“MAGicSky”: Research into Energy-Efficient Computer Devices
A new research project is set to improve the energy efficiency of processors and data storage. In “Magnetic Skyrmions for Future Nanospintronic Devices”, or “MAGicSky” for short, scientists from France, Germany, Great Britain and Switzerland are pursuing an innovative concept for novel computer components based on magnetic vortices known as skyrmions. They aim to demonstrate with the help of the first nanomagnetic components that skyrmions can in principle be used in data processing – and thus pave the way for its industrial development. The EU is supporting the project with around € 3.3 million. The official project website with information on the project’s aims and partners has now been launched.
In line with the concept of so-called “race-track memory” storage technology, a skyrmion encodes a “zero” and a ferromagnetic area a “one”. The TXMR effect discovered in Jülich could make it possible to read out data.

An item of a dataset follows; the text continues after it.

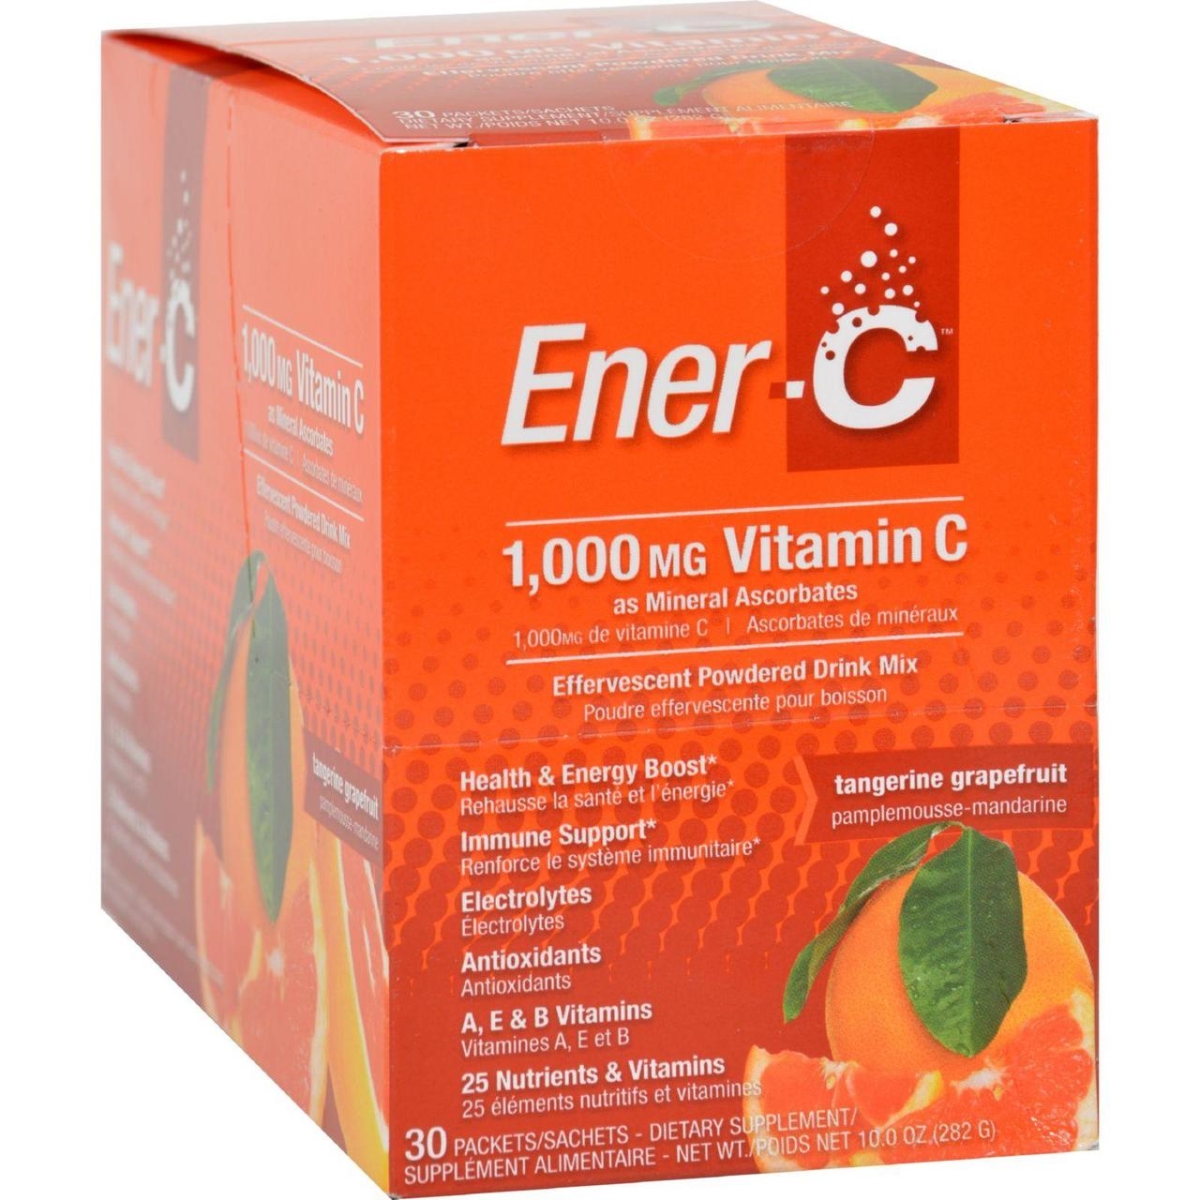 Hg1275239 1000 Mg Vitamin Drink Mix - Tangerine Grapefruit, 30 Packet
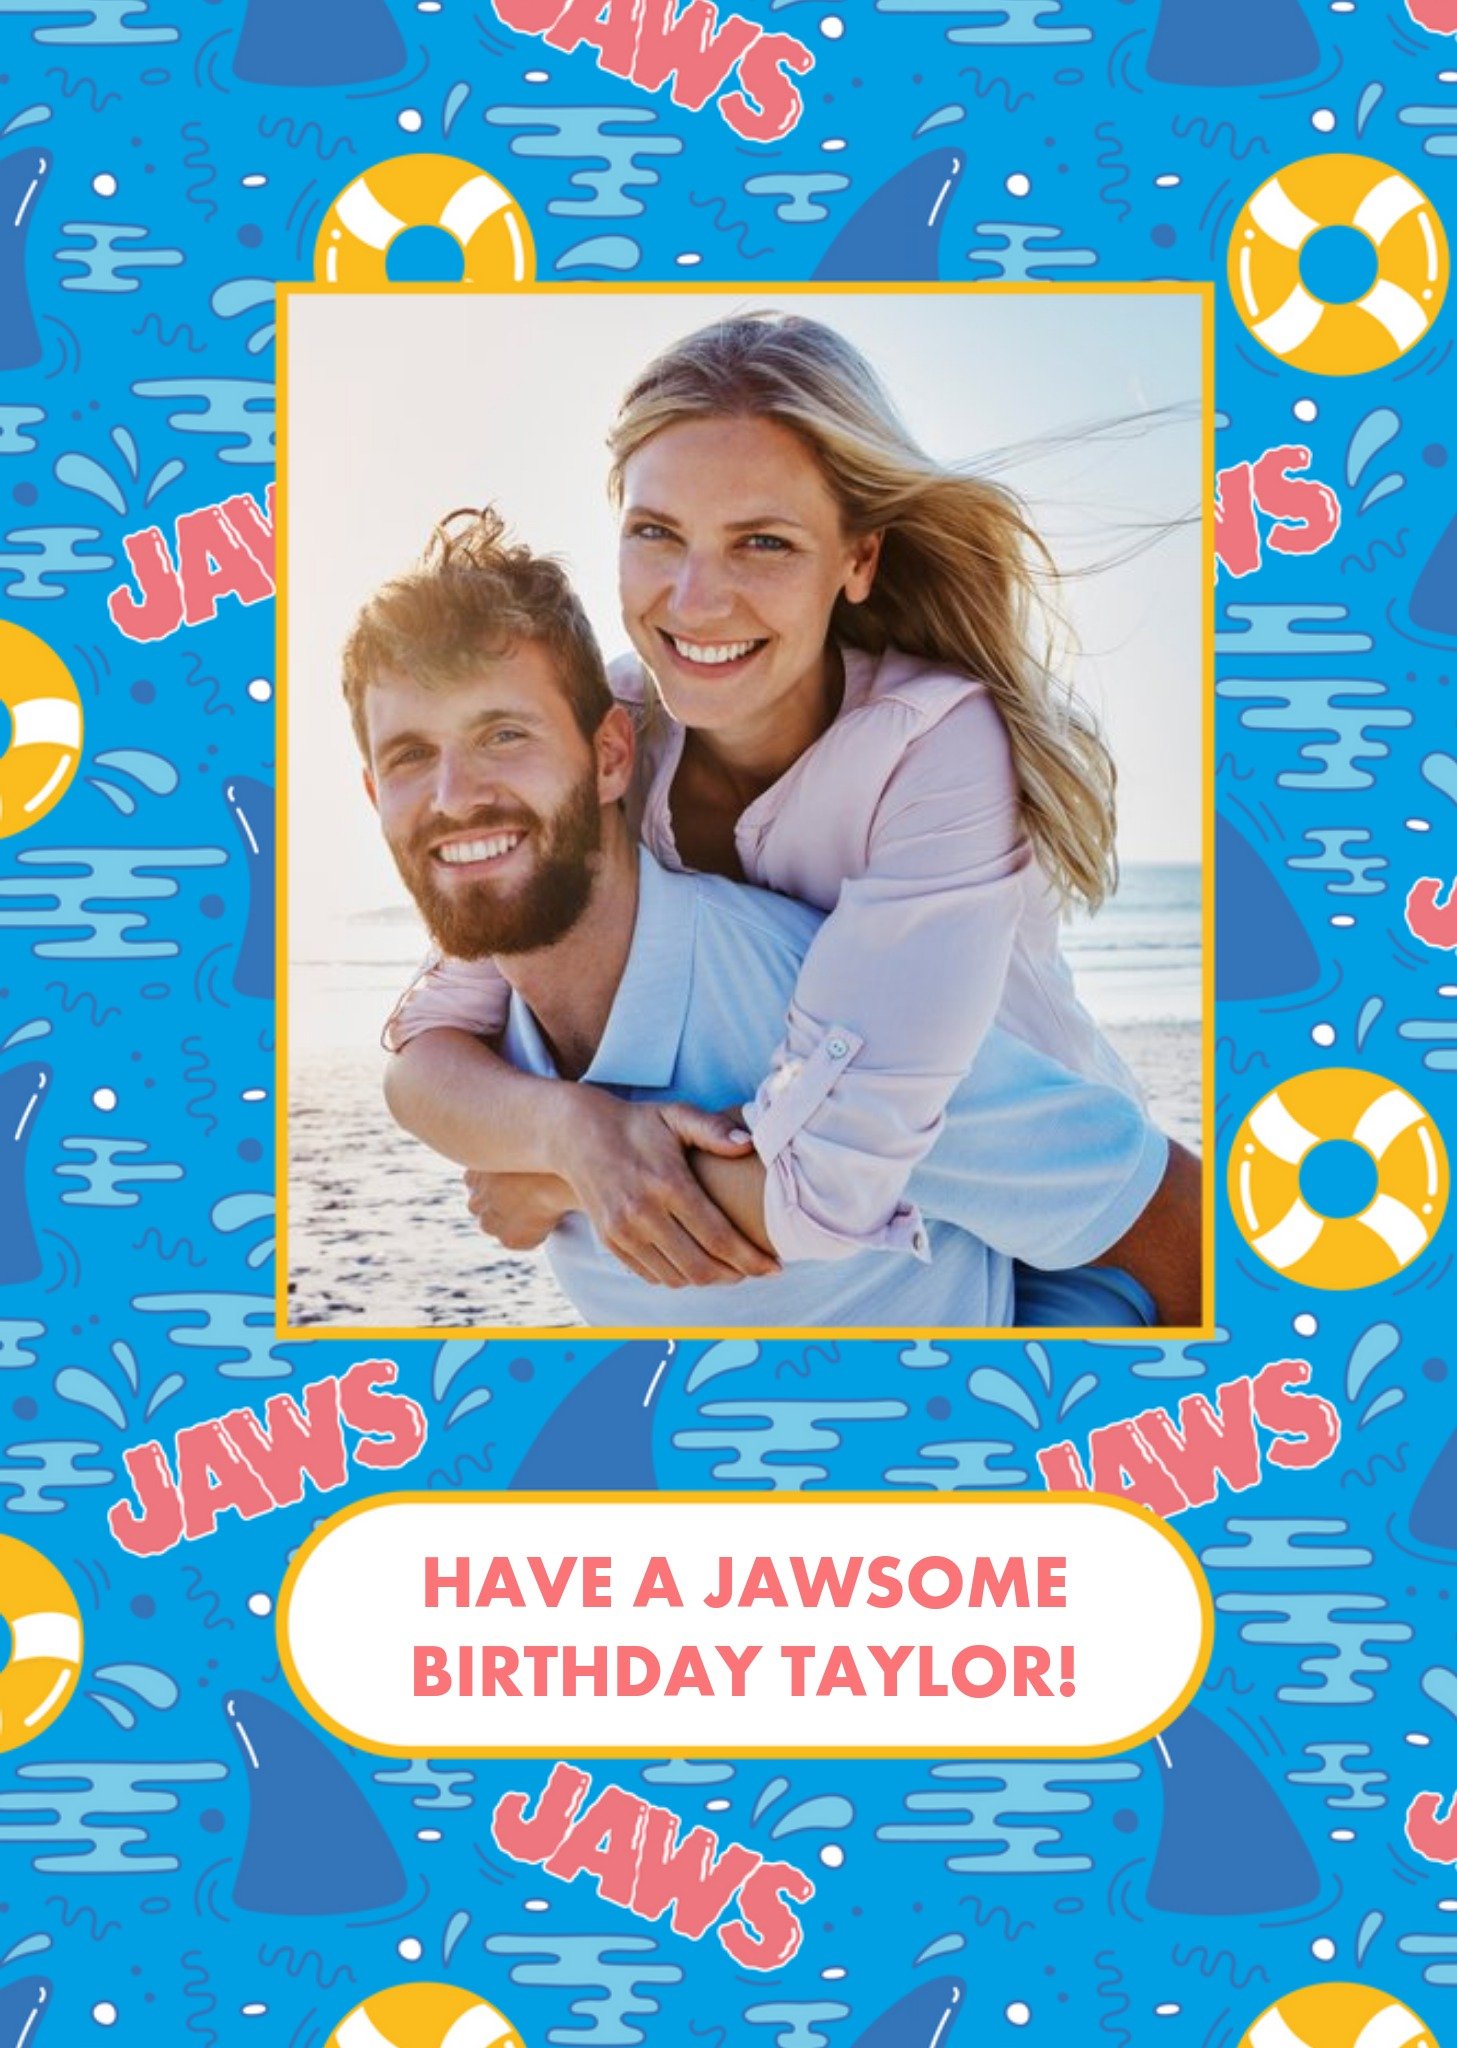 Moonpig Jaws Photo Upload Birthday Card - Universal, Large

Skyrmions are among the tiniest stable magnetic entities we know of. One can imagine them as two-dimensional magnetic vortex-like configurations made up of a few atoms on the surface or at the interface of thin metal films. Their magnetic moments circulate with a set sense of rotation within a single plane. The groups involved in “MAGicSky” from the Universities of Hamburg and Kiel, along with Forschungszentrum Jülich first discovered the – extremely stable - configurations a few years ago. “Nanomagnetic components based on skyrmions could lead to a breakthrough in energy efficiency. Smartphones and laptops would have to be recharged much less frequently than today, and computer centres would need less energy”, explained Prof. Stefan Blügel, member of JARA-FIT and Director of the Jülich division “Quantum Theory of Materials” (PGI-1/IAS-1). His group conducts research on the theoretical fundamentals of “MAGicSky”.
In future, each skyrmion shall store a bit. Because of their small dimensions, they can be packed densely together. In contrast to hard drives, which are set in rotation when data is being written or read out, with skyrmion-based devices the bits move through the material like an electric current flowing through a wire. No mechanically moving parts are needed, only weak electric currents, which will save energy. Moreover, data would be immediately available as soon as the device is switched on, as they would be stored in non-volatile memory. It should be possible to manufacture the envisaged devices using techniques that are today already standard in industry.